Région Rhône-Alpes

Les élus de Lutte Ouvrière en Rhône-Alpes

Brève
21/03/2008

Dans la région Rhône-Alpes,

7 candidats de Lutte Ouvrière ont été élus au 1er tour :

- sur des listes Lutte Ouvrière :

Jean-Luc Renault a été réélu à Oullins (Rhône)

et Chantal Gomez a été élue à Echirolles (Isère)

- sur des listes d'union :

Nathalie Arthaud (porte-parole régionale de LO), Stéphane Guyon et Marie-Andrée Marsteau élus à Vaulx-en-Velin (Rhône) sur la liste de Maurice Charrier

Marie-Christine Seemann élue à Vénissieux (Rhône) sur la liste d'André Gerin

et Christine Tulipe élue à Saint-Martin-le-Vinoux (Isère) sur la liste de Yannick Ollivier.

et 6 candidats ont été élus au 2ème tour :

Christian Prada et Christine Estero à Saint-Fons (Rhône) sur la liste de Christiane Demontès

et à Saint-Chamond (Loire), André Moulin (réélu), Carmen Montet, Sauveur Cuadros et Marie-France Khamed sont élus sur la liste conduite par Philippe Kizirian.

Soit 13 élus au total.

Saint-Priest (Rhône)

Face aux grévistes, Arvin Meritor a dû reculer

Brève
21/03/2008

Après trois jours de grève, les travailleurs d'Arvin Meritor ont fait reculer leur direction de manière significative sur les salaires.

Ce qui a provoqué la colère, c'est d'apprendre que les travailleurs de Renault Trucks, à Vénissieux, allaient toucher un intéressement de 1600 euros alors qu'eux devraient se contenter de 1,4 % d'augmentation générale.
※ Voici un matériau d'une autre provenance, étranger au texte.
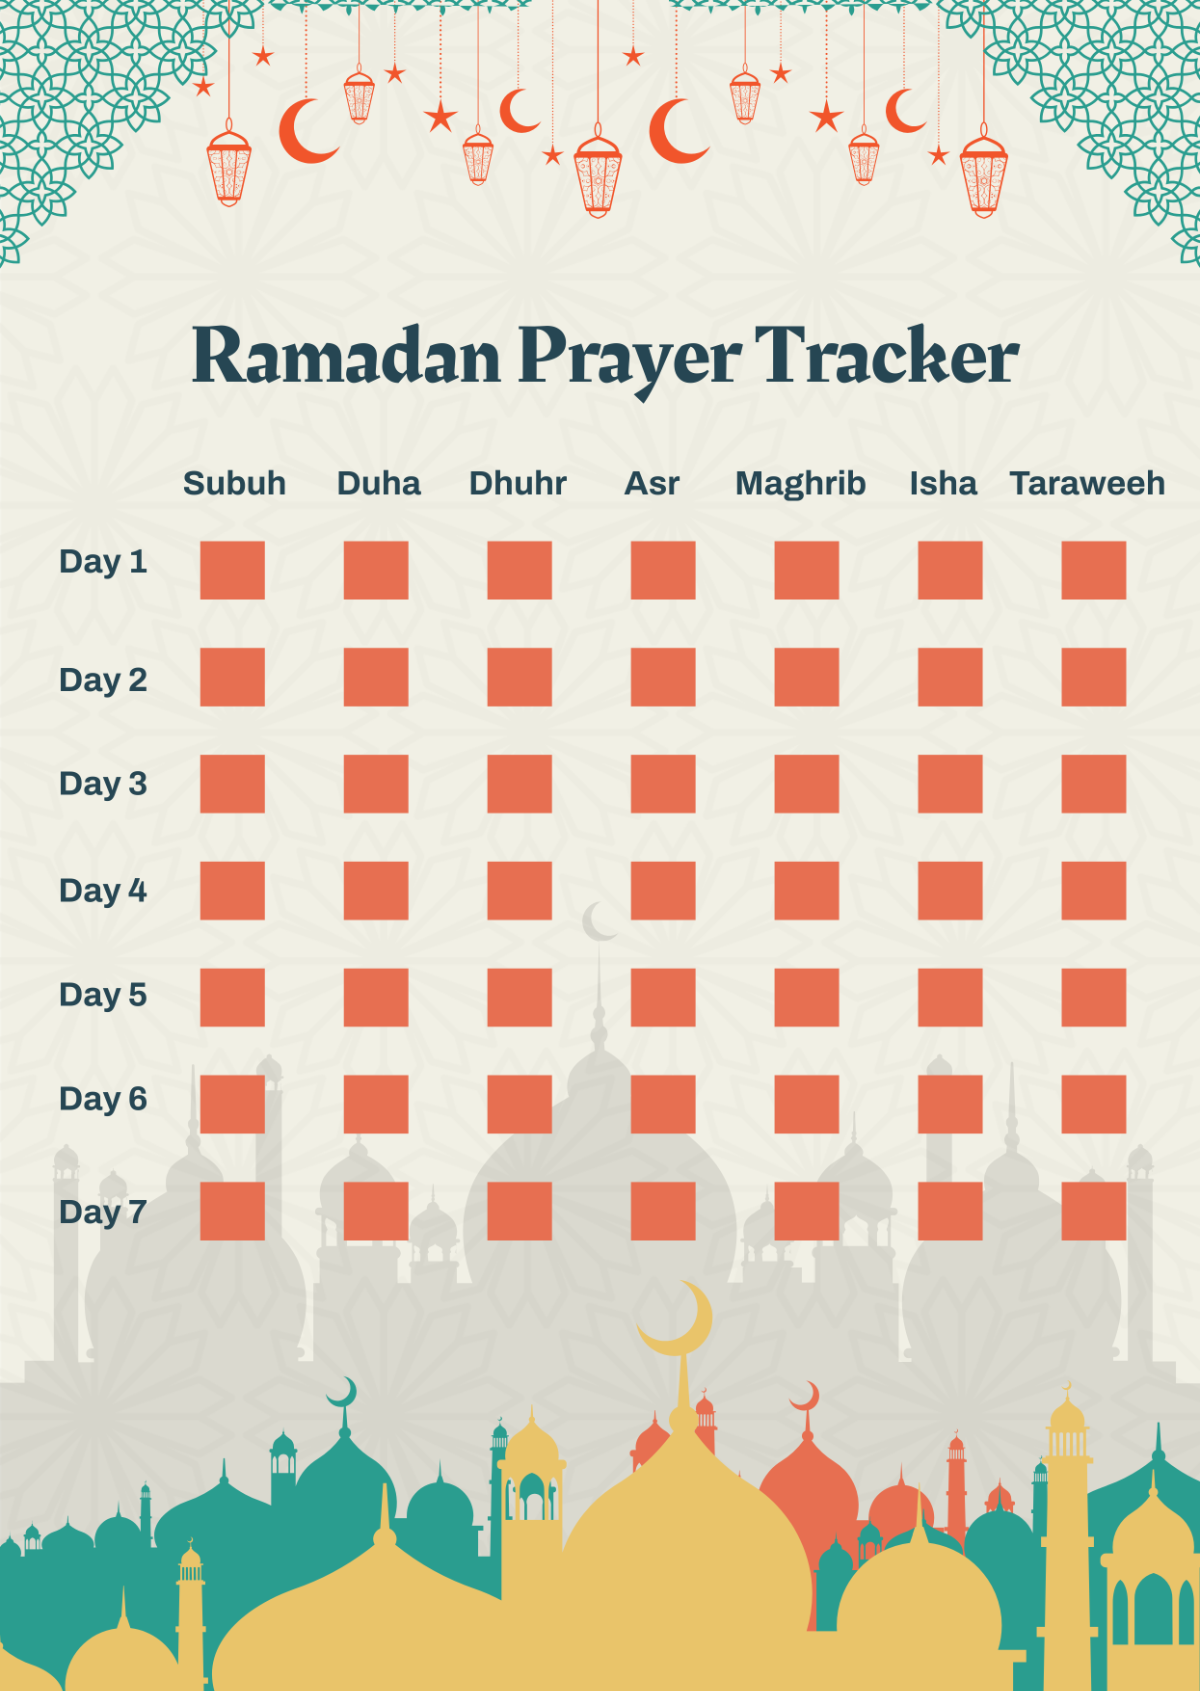 Ramadan Prayer Tracker Template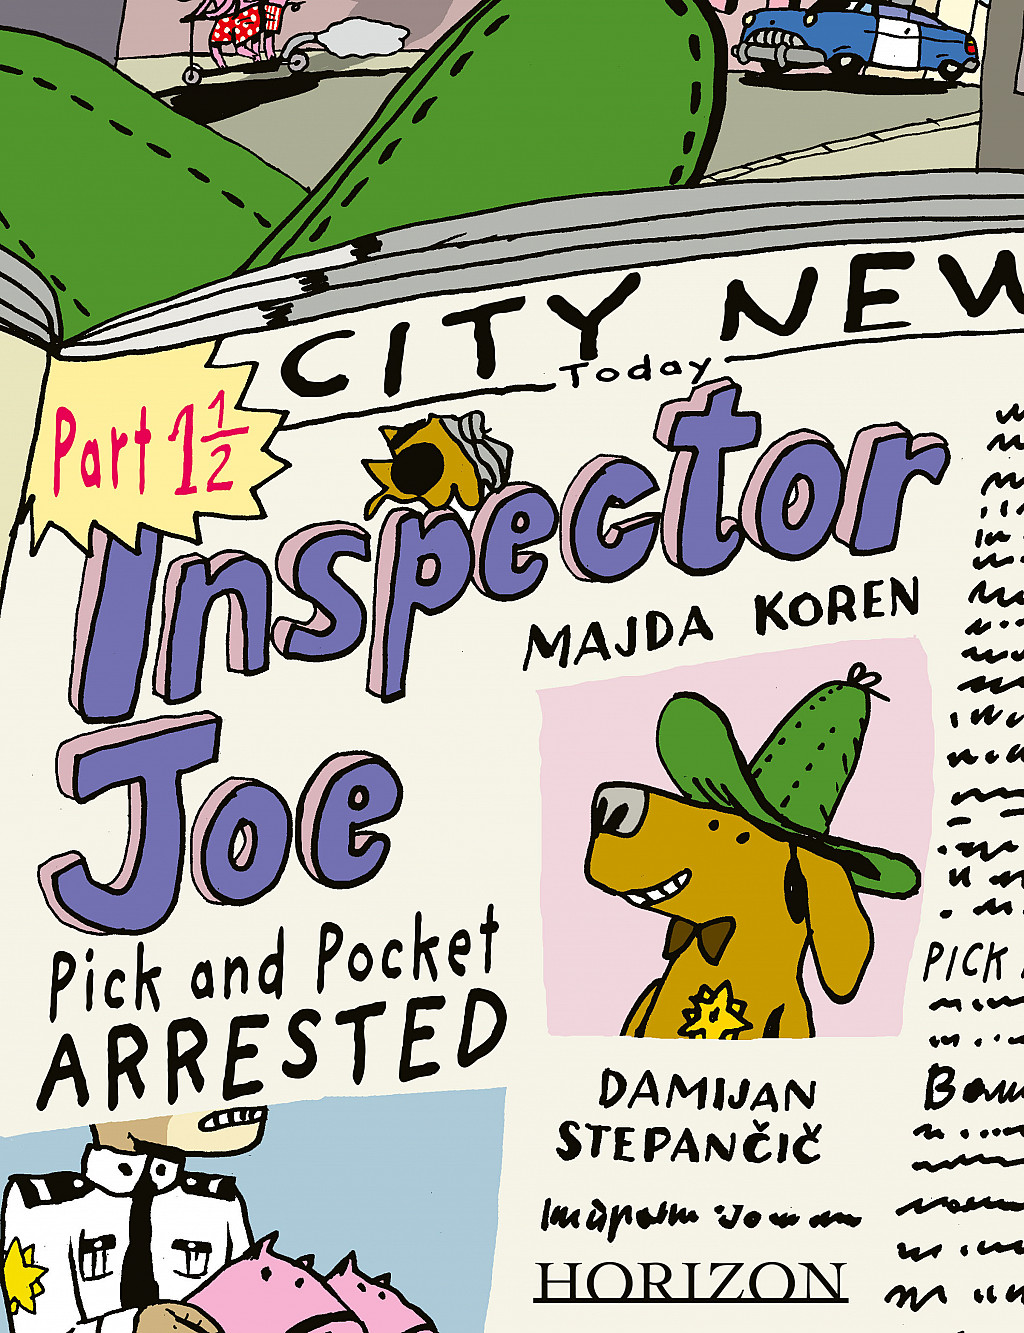 Inspector Joe (English)

C'était considéré comme une injustice supplémentaire, après avoir perdu une bonne partie de leurs acquis (les RTT entre autres) quand l'usine Ponts-Essieux de Saint-Priest a été vendue à Arvin Meritor au lieu de rester Renault Trucks.

La grève a démarré mercredi 19 mars à 9h et les grévistes (la quasi totalité des ouvriers embauchés) ont bloqué l'entrée et la sortie des camions, les équipes se relayant de jour comme de nuit. Vendredi il n'y avait plus de travail, et les usines de montage de Bourg-en-Bresse et de Blainville, n'étant plus approvisionnées, étaient bloquées.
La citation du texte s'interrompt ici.